Let's do some calculations...

According to ifidonlike, the higher the hp, the more the force at wheels, and you’ll always shift at the peak-hp rpm. This is wrong.

Let’s look at the following engine, with 200 lb-ft at 1500-4500 rpm and 200 hp at 7500 rpm. I list rpm, torque and hp in a table:

1000____150______29
1500____200______57
2000____200______76
2500____200______95
3000____200_____114
3500____200_____133
4000____200_____152
4500____200_____158
5000____175_____167
5500____166_____174
6000____158_____181
6500____152_____188
7000____146_____195
7500____140_____200
8000____118_____180

Let’s say you are driving in 2nd gear, with a ratio of 4:1. 3rd gear has a ratio of 3:1. Where do you shift?

If you shift at 7500 rpm, before the shift:

Engine torque = 140, wheel torque = 4*140 = 560, wheel force = 560 / R.

After the shift, rpm = 5625, let’s round to a bigger torque:

Engine torque = 166, wheel torque = 3*166 = 498, wheel force = 498 / R.

But if you shifted at 5000 rpm, before the shift:

Engine torque = 175, wheel torque = 4*175 = 700, wheel force = 700 / R > 560 / R.

After the shift, rpm = 3750:

Engine torque = 200, wheel torque = 3*200 = 600, wheel force = 600 / R > 498 / R.

So both before and after the shift, you get more force at the wheel if you shift at 5000 than at 7500. The hp figures are 167 @ 5000 and 200 @ 7500.

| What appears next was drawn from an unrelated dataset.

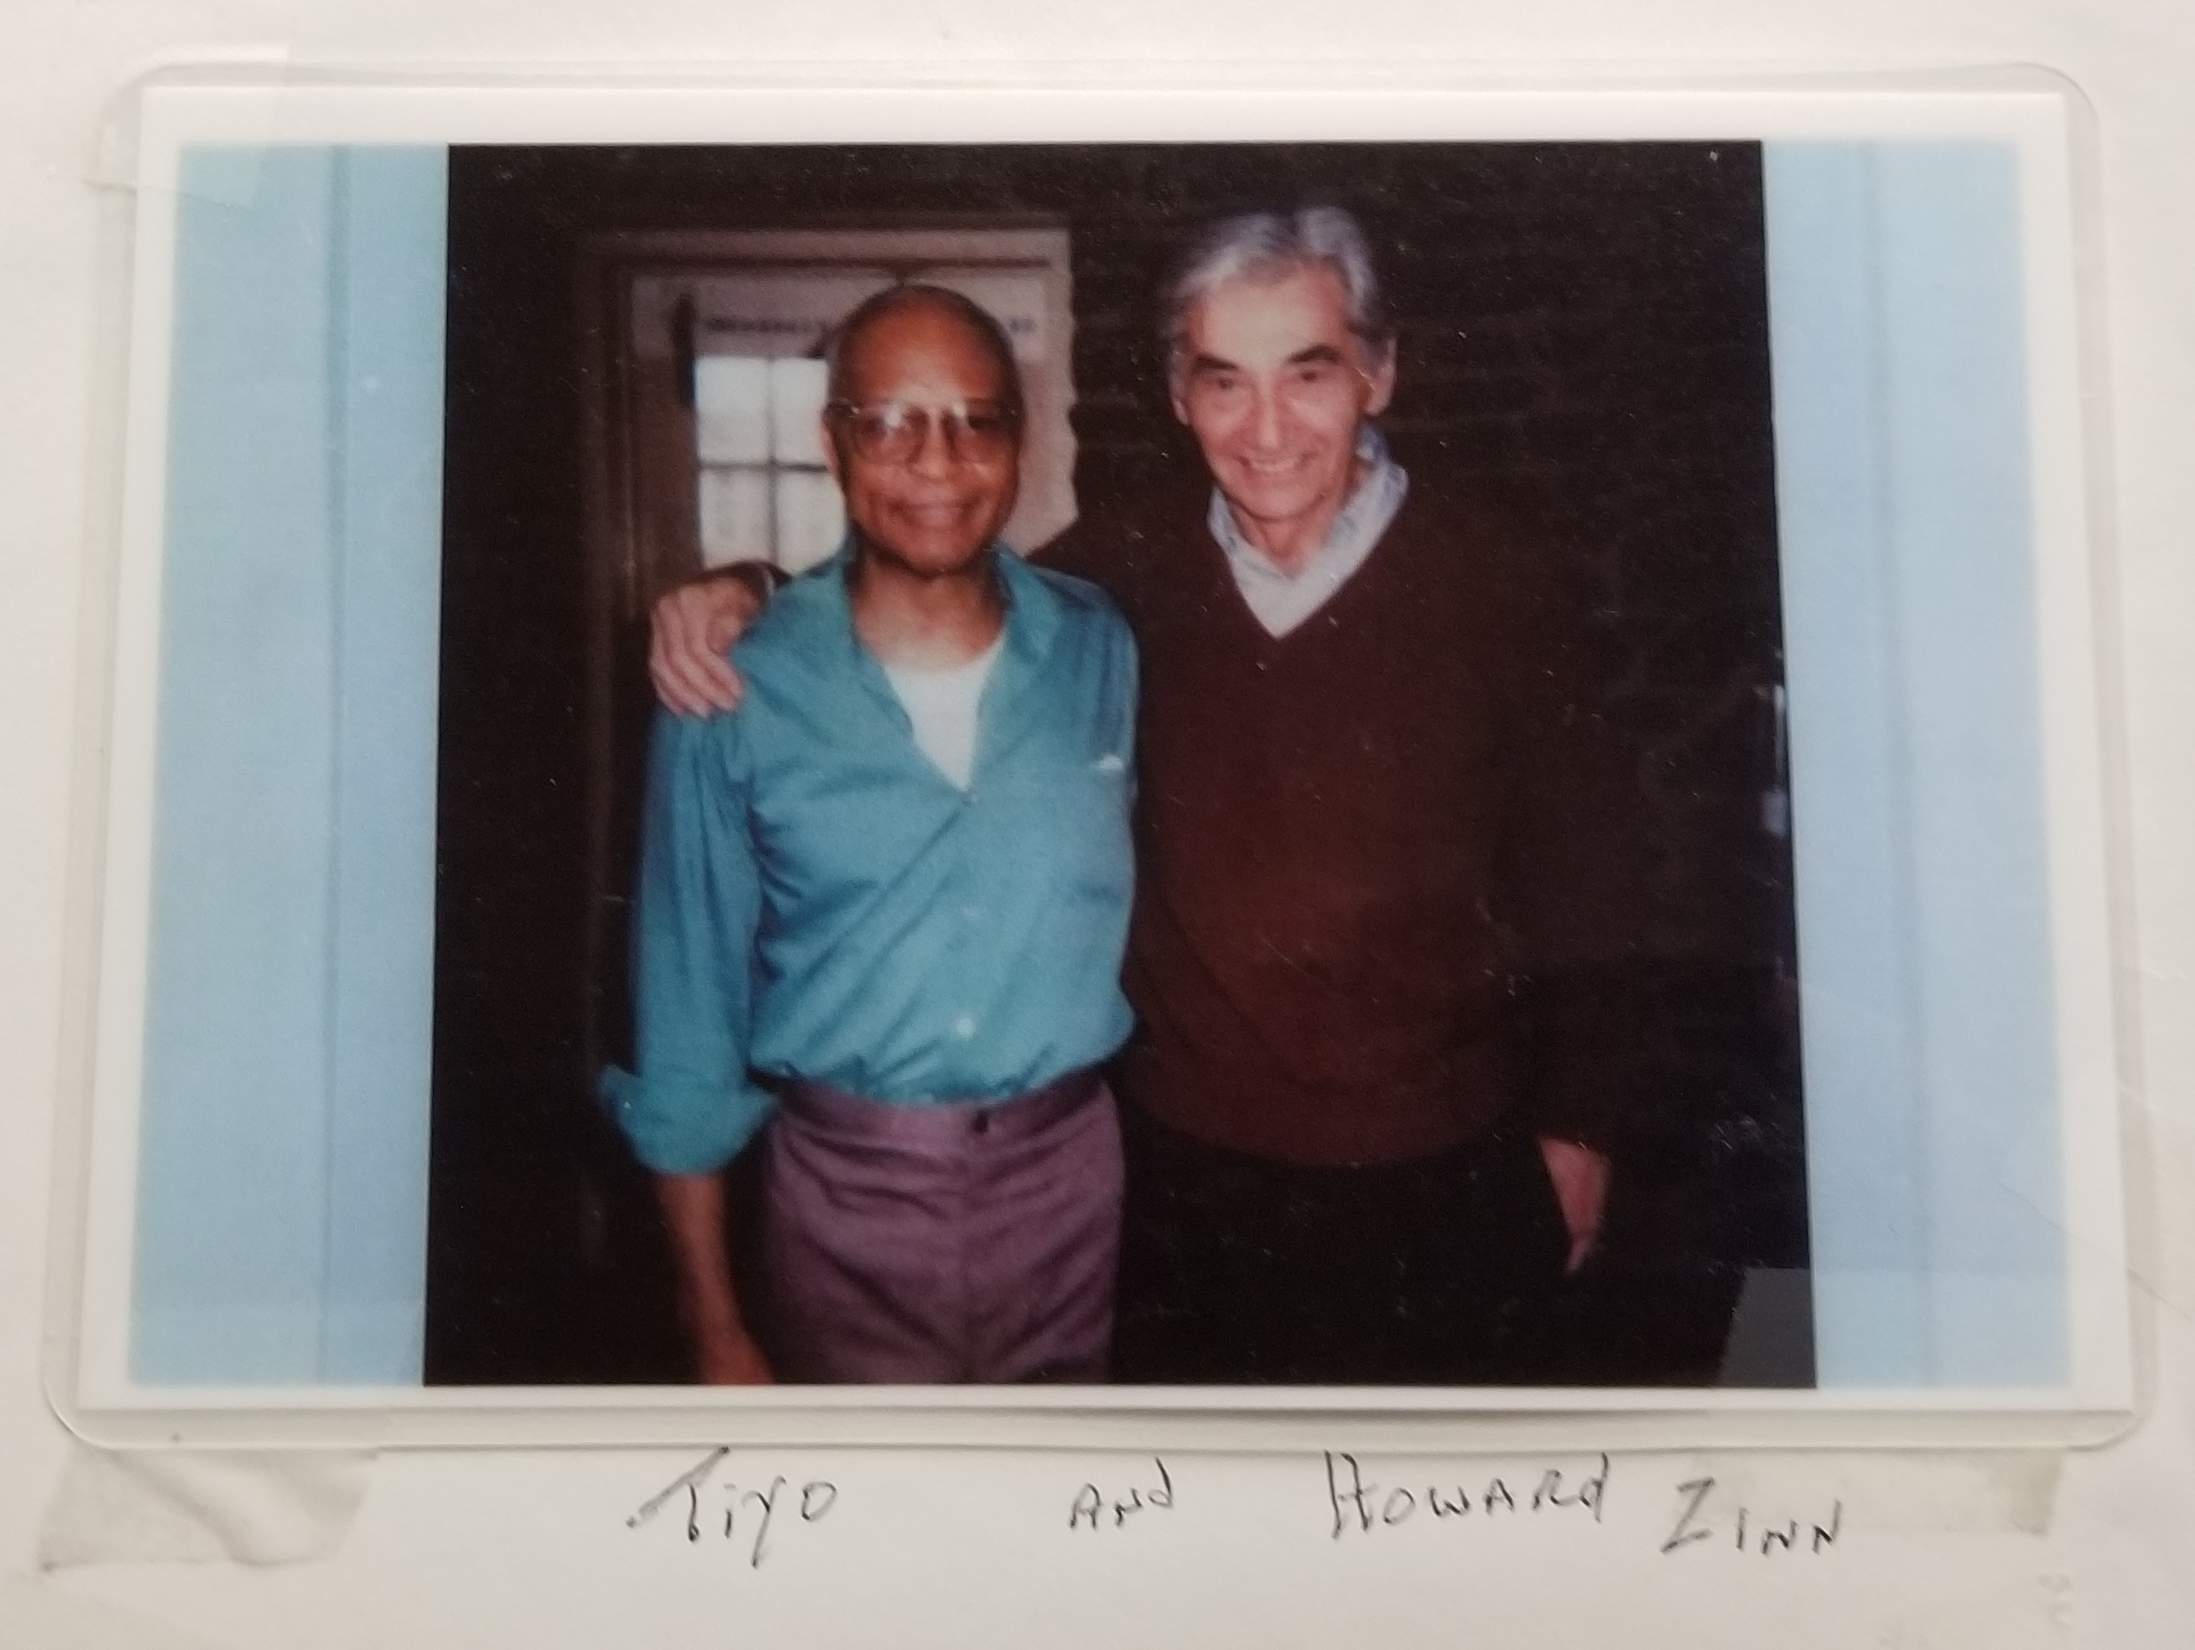 Tiyo Attallah Salah-El and Howard Zinn (undated) | HowardZinn.org

Generally, if Q(x) is the torque curve, you are in a gear with ratio K1 and need to up-shift into a gear with ratio K2, the optimal shift point x satisfies the equation:

K1 * Q(x) = K2 * Q(x * K2 / K1).

As you can see from this, x is always greater than the peak-torque rpm, but can be substantially less than the peak-hp rpm. In fact, the equation doesn’t involve the hp curve at all.

If Honda comes in and holds the torque curve flat at 140 lb-ft way beyond 7500 rpm, they can keep making more and more power. But does this change the optimal shifting point a single bit? Nope.